- Genre: Variety
- Written by: Cal Howard; Henry Taylor;
- Directed by: John Lyman
- Presented by: Johnny Dugan
- Country of origin: United States

Production
- Producers: Burt Harris; Edward Sobol;

Original release
- Network: NBC
- Release: June 8 – September 25, 1953

= Ladies' Choice (TV series) =

American TV variety series (1953)

Ladies' Choice is an American daytime variety television program that was broadcast on NBC from June 8, 1953, through September 25, 1953.

==Format==
Johnny Dugan was the host of the series, which had women's organizations select the artists who performed as guests. Some performers were winners of local talent shows, and some were provided by female talent scouts. Performers came from around the United States and ranged in age from juveniles to grandmothers.
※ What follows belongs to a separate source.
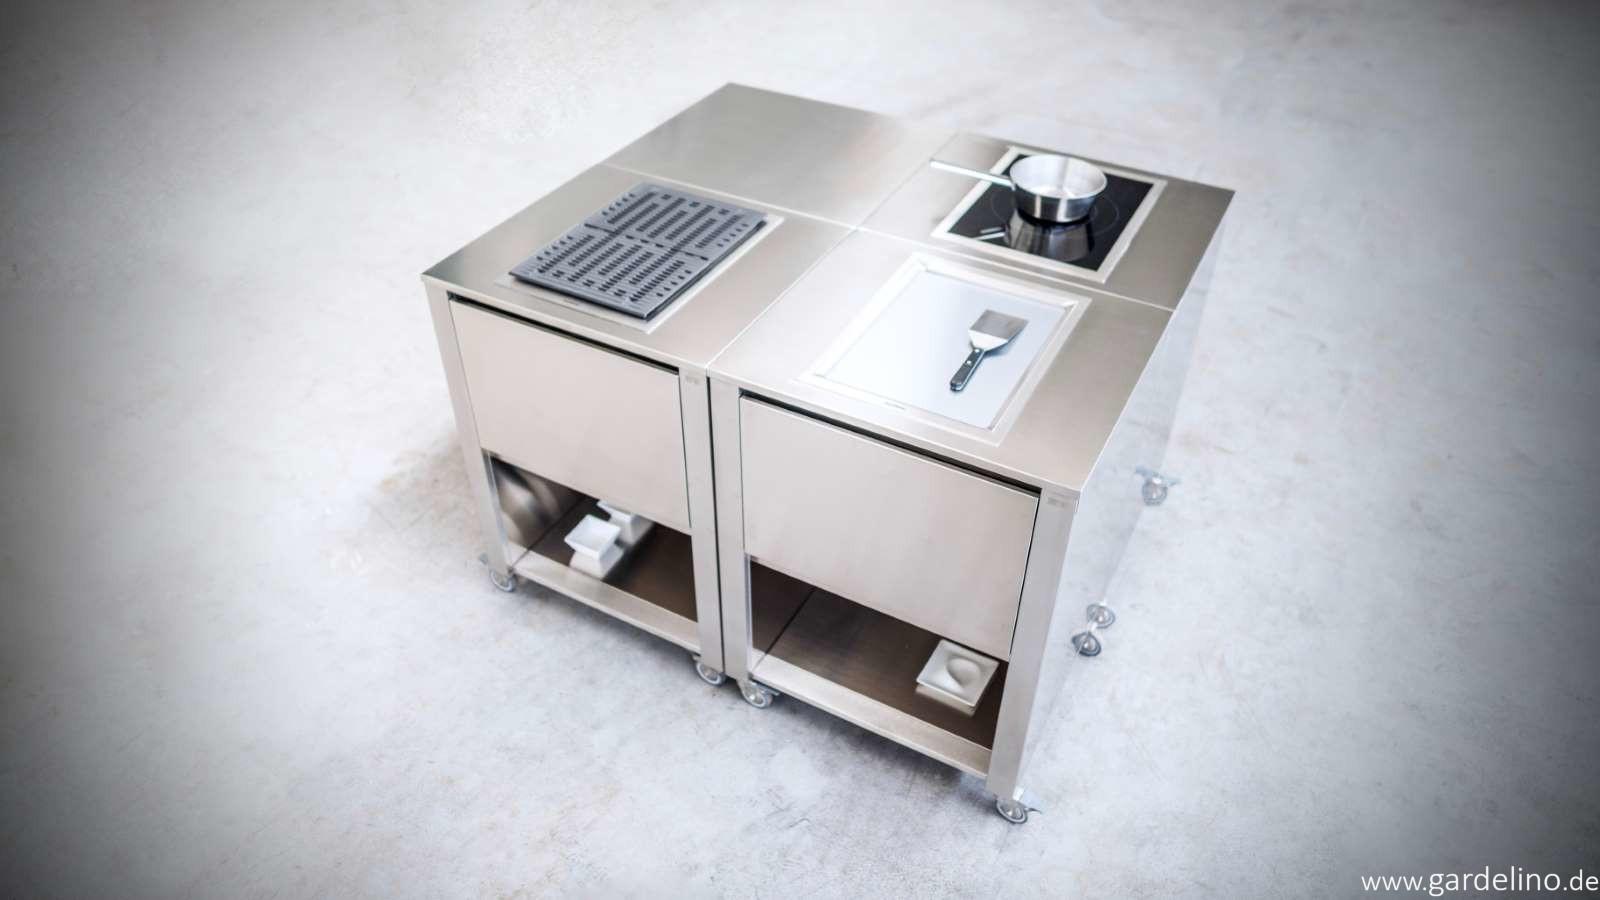 Outdoorküche Edelstahl Vergleich : Mobile outdoorküche cun von jokodomus system outdoorküche

For most, the appearance was their first public performance outside their home areas.

Using an approach similar to that of Arthur Godfrey's Talent Scouts, Dugan interviewed female guests, and the guests then introduced the entertainers that they had brought to the program. Applause from the studio audience determined the winning act in each episode, with that person receiving prizes and opportunities to perform professionally. The winner returned the next day to compete with two new acts. The show's music director, Vic Valente, directed a quintet. Episodes included elements unrelated to the entertainers — "Grandmother of the Day" recognition and a contest that had viewers trying to identify a spinning picture.
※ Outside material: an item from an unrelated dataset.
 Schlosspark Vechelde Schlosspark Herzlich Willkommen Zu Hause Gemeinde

Viewers were asked to vote on whether performers should make return visits to the show. In the program's premiere week 11,007 letters were submitted; 19,473 came in its second week on the air, and 23,195 arrived the following week. During the first three weeks of July 1953, viewers sent 69,390 letters.

==Production==
Ladies' Choice was a summer replacement for half of the Kate Smith Hour, with Time Out for Fun starring Fran Allison filling the other 30 minutes. Jerry Layton and Wilbur Stark were the packagers of Ladies' Choice. Burt Harris and Edward Sobol were the producers, and John Lyman was the director. Cal Howard and Henry Taylor were the writers, and Lillian Greene was the women's clubs coordinator. The program was sustaining, but in September 1953, the trade publication Billboard reported, "Sales effort on the show, which drew an 8.3 Nielsen, is being intensified."
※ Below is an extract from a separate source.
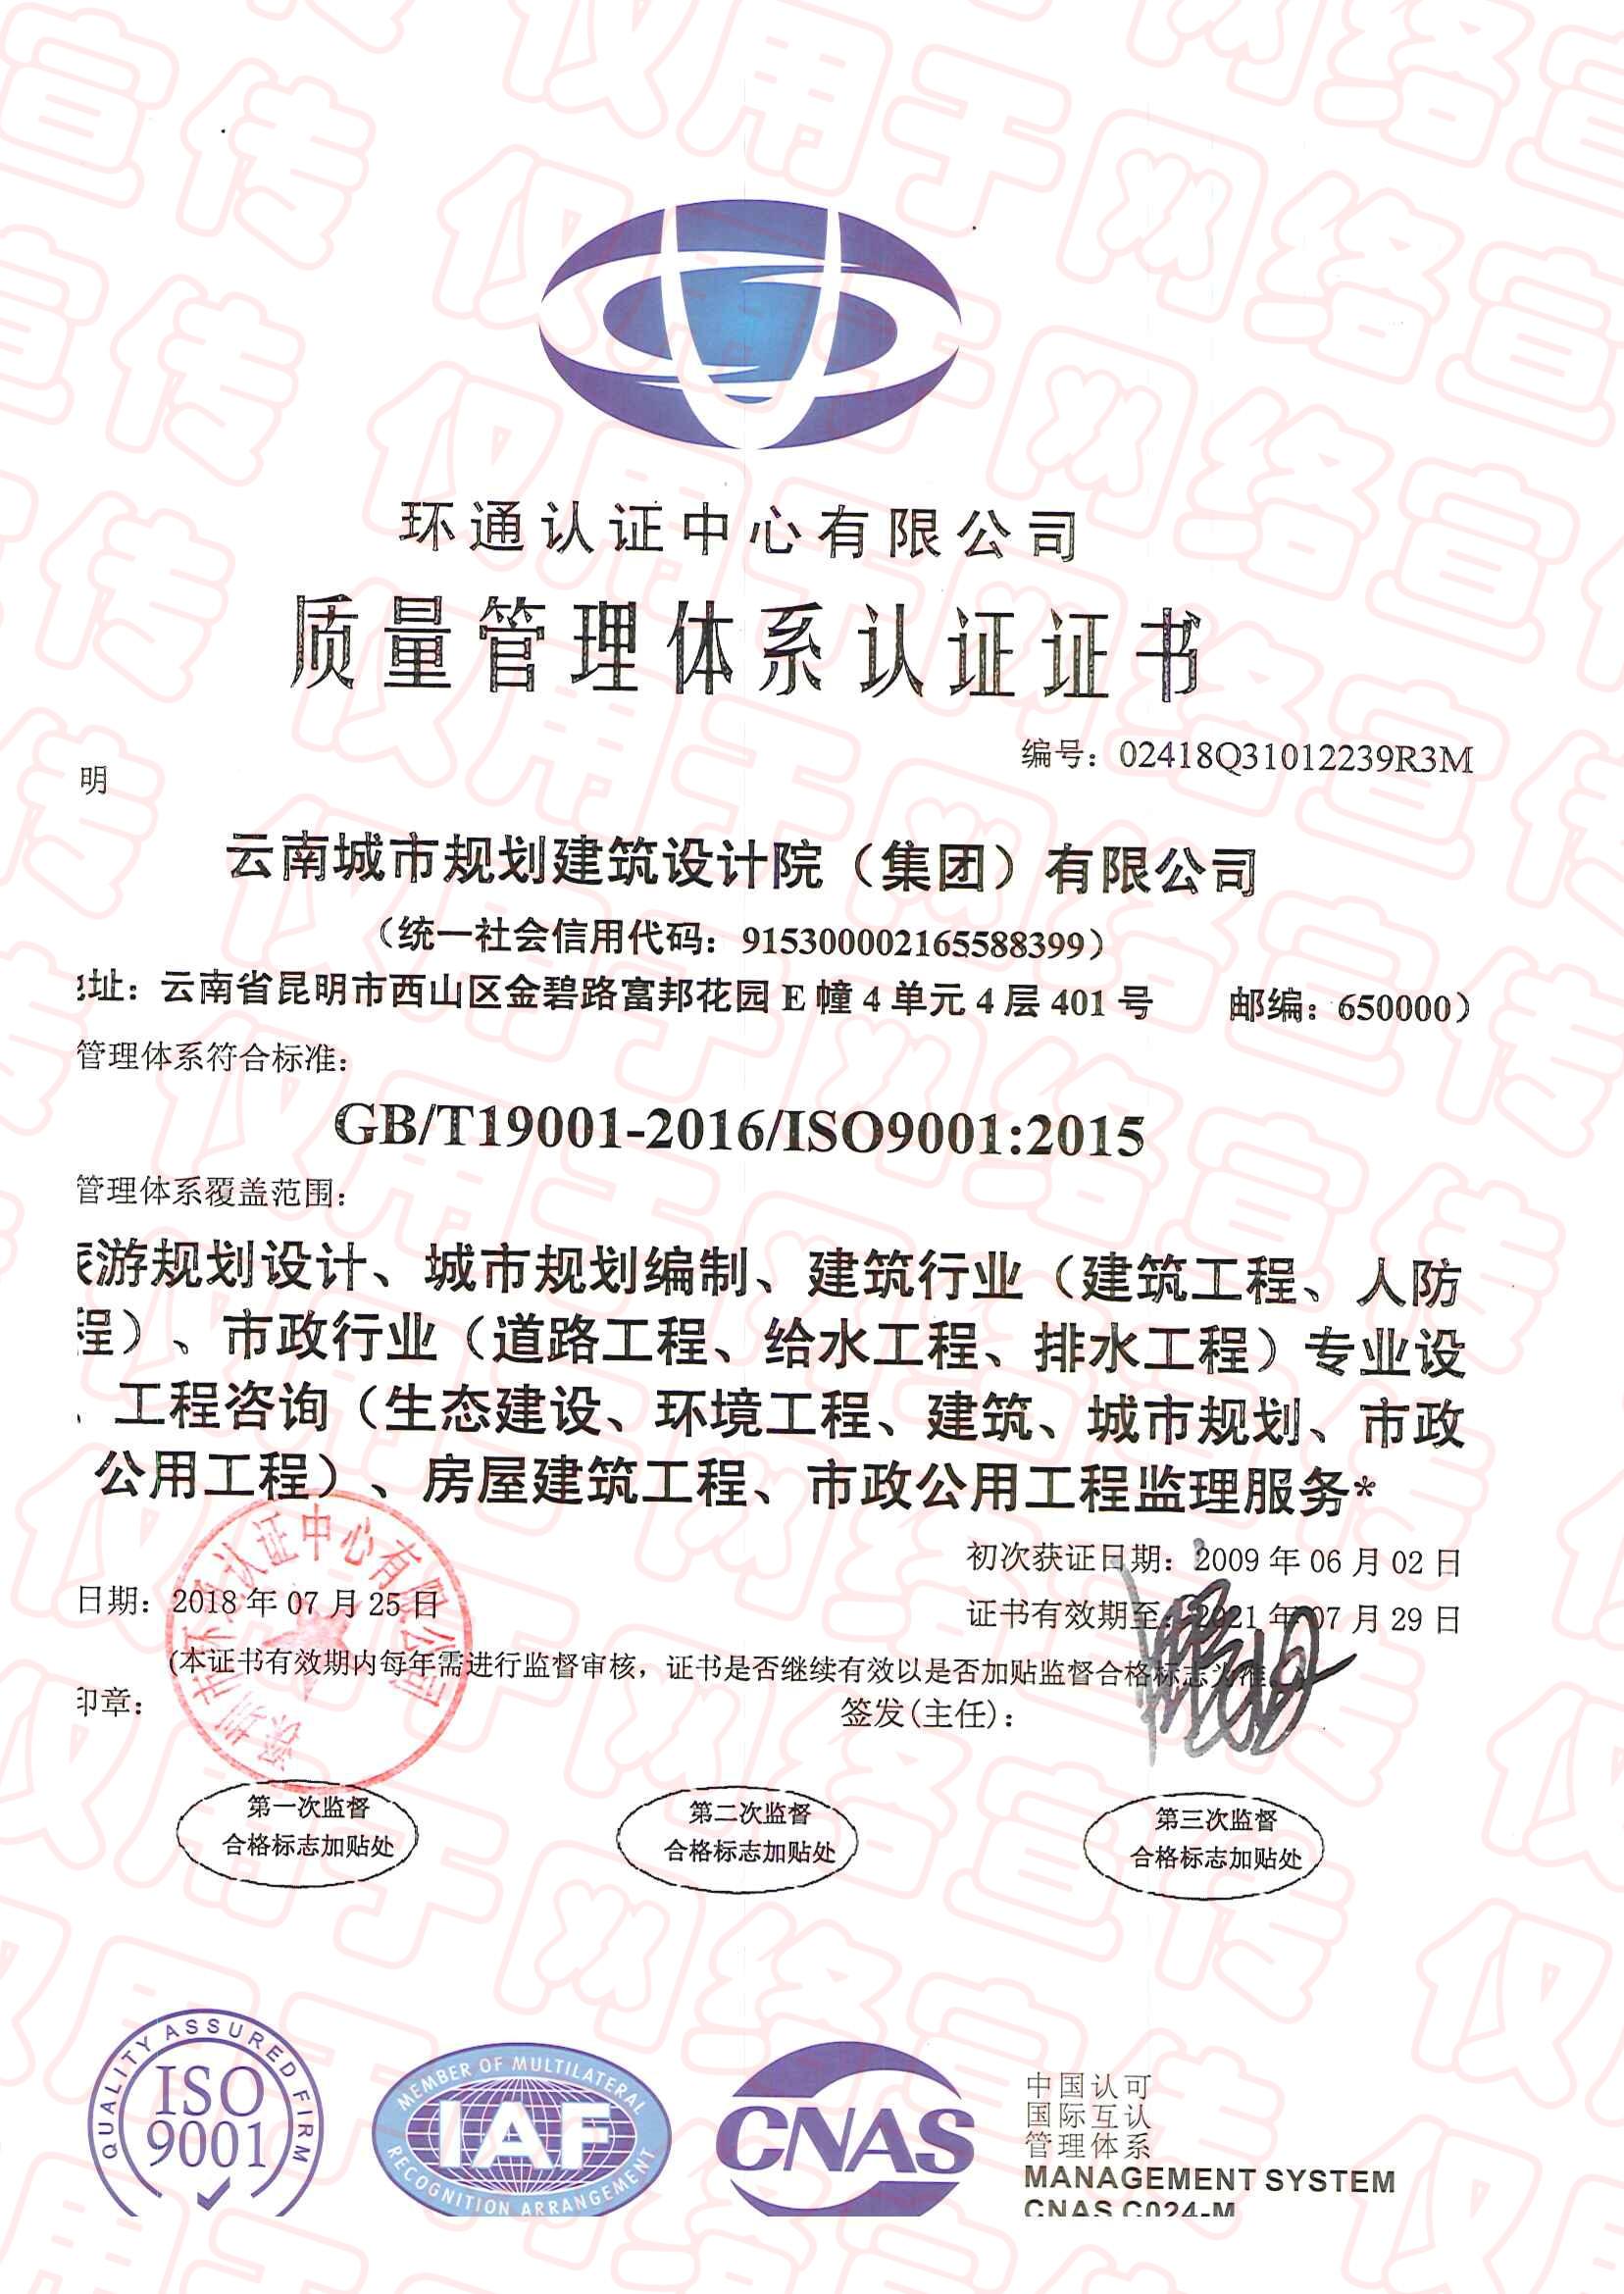 质量管理体系证书(中文).jpg

The program originated from KNBH in Hollywood, while Layton and Stark worked from New York City. Stark said that they initially sought a host in New York, but they eventually decided that Dugan was the best person for the job. His family's preference for living in the west kept him there, while Layton's and Stark's business obligations kept them in New York City. Setting up a direct telephone line from their office to the studio from which Ladies' Choice was broadcast enabled them to work in real time with each broadcast. Layton and Stark watched the show live on a TV set in their office while an assistant stayed on the phone in the studio waiting to relay any instructions they might have to the director. Stark commented that the unusual setup offered an advantage over the normal procedure of working in the studio: "Seeing the show on a receiver, just as the audience does ... gives us an objectivity we couldn't get otherwise. We don't have any of the usual studio distractions."

==Critical response==
Writing in the San Mateo Times Bob Foster called the mix of elements on the show a "hodgepodge". He wrote, "NBC has come up with a show that finds the guest talent far more entertaining than the regulars on the show", and later he added about Dugan, "the guy just can't sing".

A review in the trade publication Variety said, "Here's one talent show where the guest talent is better than the program's regulars." It added that Dugan should sing less and explained, "Quality of his voice isn't bad, but he's obviously in need of some training in all phases of delivery."